Happy Birthday to Jasper Johns! In honor of this special occasion, CIMA 2014-15 Fellow Francesco Guzzetti takes a look at Rosso and Johns:
All of us agree about the key role played by the Italian sculptor Medardo Rosso in the development of modern art between the 19th and 20th centuries—a role that has been brought into greater focus this year with the Rosso exhibition at CIMA. But, does the question of a long-lasting legacy of Rosso’s work throughout the whole of the 20th century make sense? That was the recurrent question during my six-month fellowship at CIMA this year. The conclusion is that it definitely makes sense. The answers are few, but meaningful. And a remarkable witness to Rosso’s legacy involves one of the most widely acclaimed masters of postwar art: Jasper Johns.
The common ground they share is not banal; it concerns a new conception of sculpture, a redefinition of the tenets of the three-dimensional object, and the choice and treatment of uncommon, untraditional materials—such as wax and plaster in the case of Rosso, and plaster and Sculp-metal for Johns.
Take, for example, Johns’ series entitled Flashlight, especially Flashlight III, made in 1958. The artist cast in plaster a real flashlight, covering it with rough plaster material. In the other pieces of the series he used Sculp-metal, a pliable claylike substance that, when dry, emulates cast metal.

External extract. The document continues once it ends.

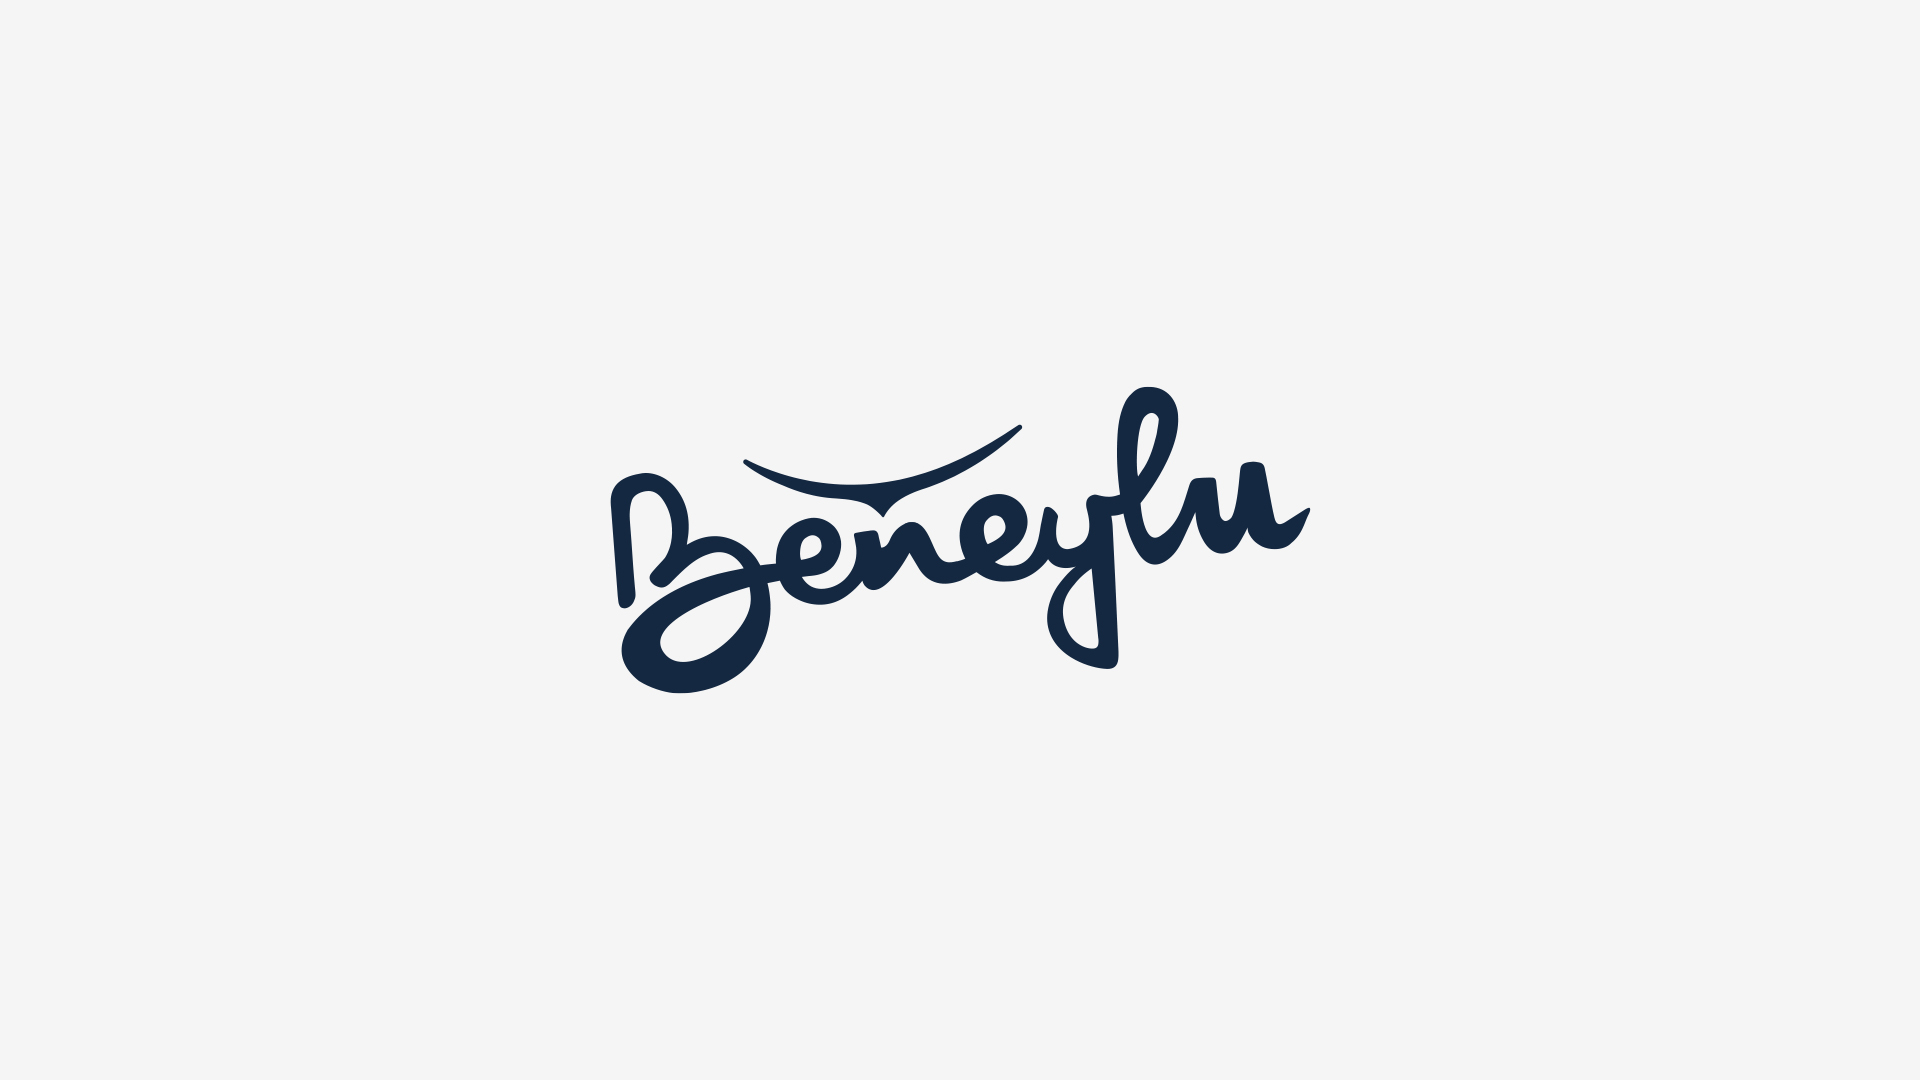 Beneylu Hypersthene Logotype Fond Gris
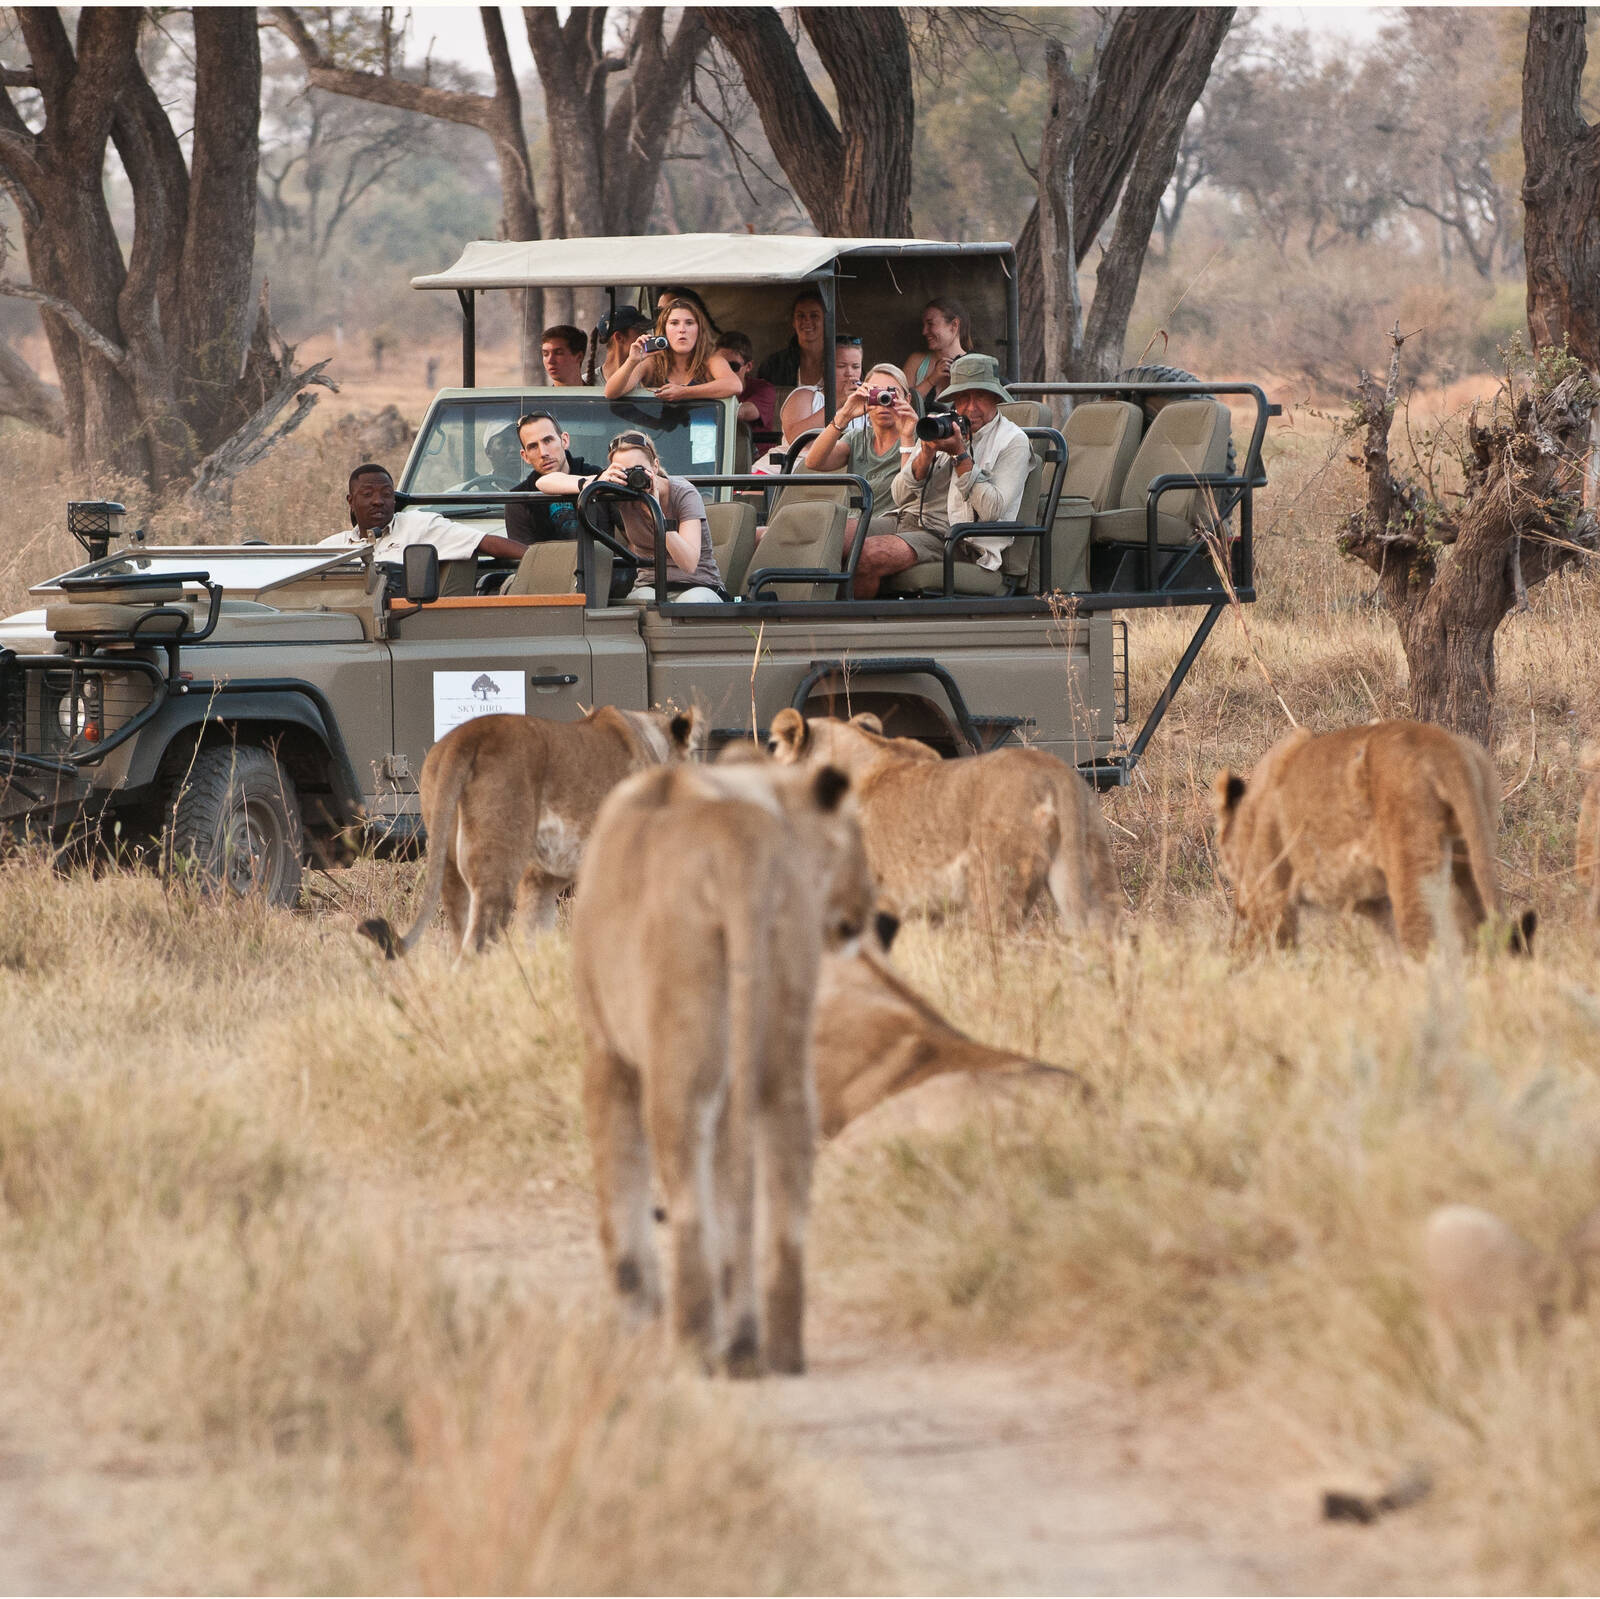 safari in botswana or tanzania

Now, look at Child in the Soup Kitchen, a posthumous wax version of a 1893 sculpture by Rosso now in the Hirshhorn Museum and Sculpture Garden in Washington DC. In this case, the outlines of the face of a child are really “drowned” into a raw amount of plaster covered with wax.
The two sculpture look so akin that one could argue that Rosso can be seen as a source for Johns. The approaches are different, indeed: Rosso employed raw material to materialize the light effects of atmosphere, Johns to recreate a new, ambiguous object in balance between sculptural concerns and Duchamp-like readymade. But, on the other hand, the artists share a common feeling about the treatment of surface, the concern in seriality, and the use of new and unusual materials; the Sculpmetal used by Johns is a sort of new version of the wax used by Rosso.
Unfortunately, I cannot claim any authorship or originality for this very smart comparison. In fact, two large plates of these pieces appeared in a crucial book on Jasper Johns published in 1967 by the American critic Max Kozloff. In the book Kozloff pointed out all the common grounds between the two artists, finding in the two works the same “synesthetic” approach towards sculpture, as he termed it. In fact, the rough surfaces involve a truly pictorial concern for the play of light and shadow, materialized in a tactile conception of material.
This very early essay on Johns’s work becomes a crucial occurrence of Rosso’s name in the debates around contemporary art in the 1960s in the United States—just four years after the retrospective on Rosso at the Museum of Modern Art and the monograph published by Margaret Solari Barr, the true starting points of the reception of Rosso in the US.
The mix of visual and tactile features, in other words of painting and sculpture, is really one of the most remarkable achievement in Rosso’s oeuvre, and actually the key way through which Johns created his pieces, thus questioning the referential meaning of artwork and establishing a new “objecthood” in art.
I would like to thank CIMA member Neil Printz, editor of the Andy Warhol Catalogue Raisonné, for discussing this subject with me and helping me to develop it.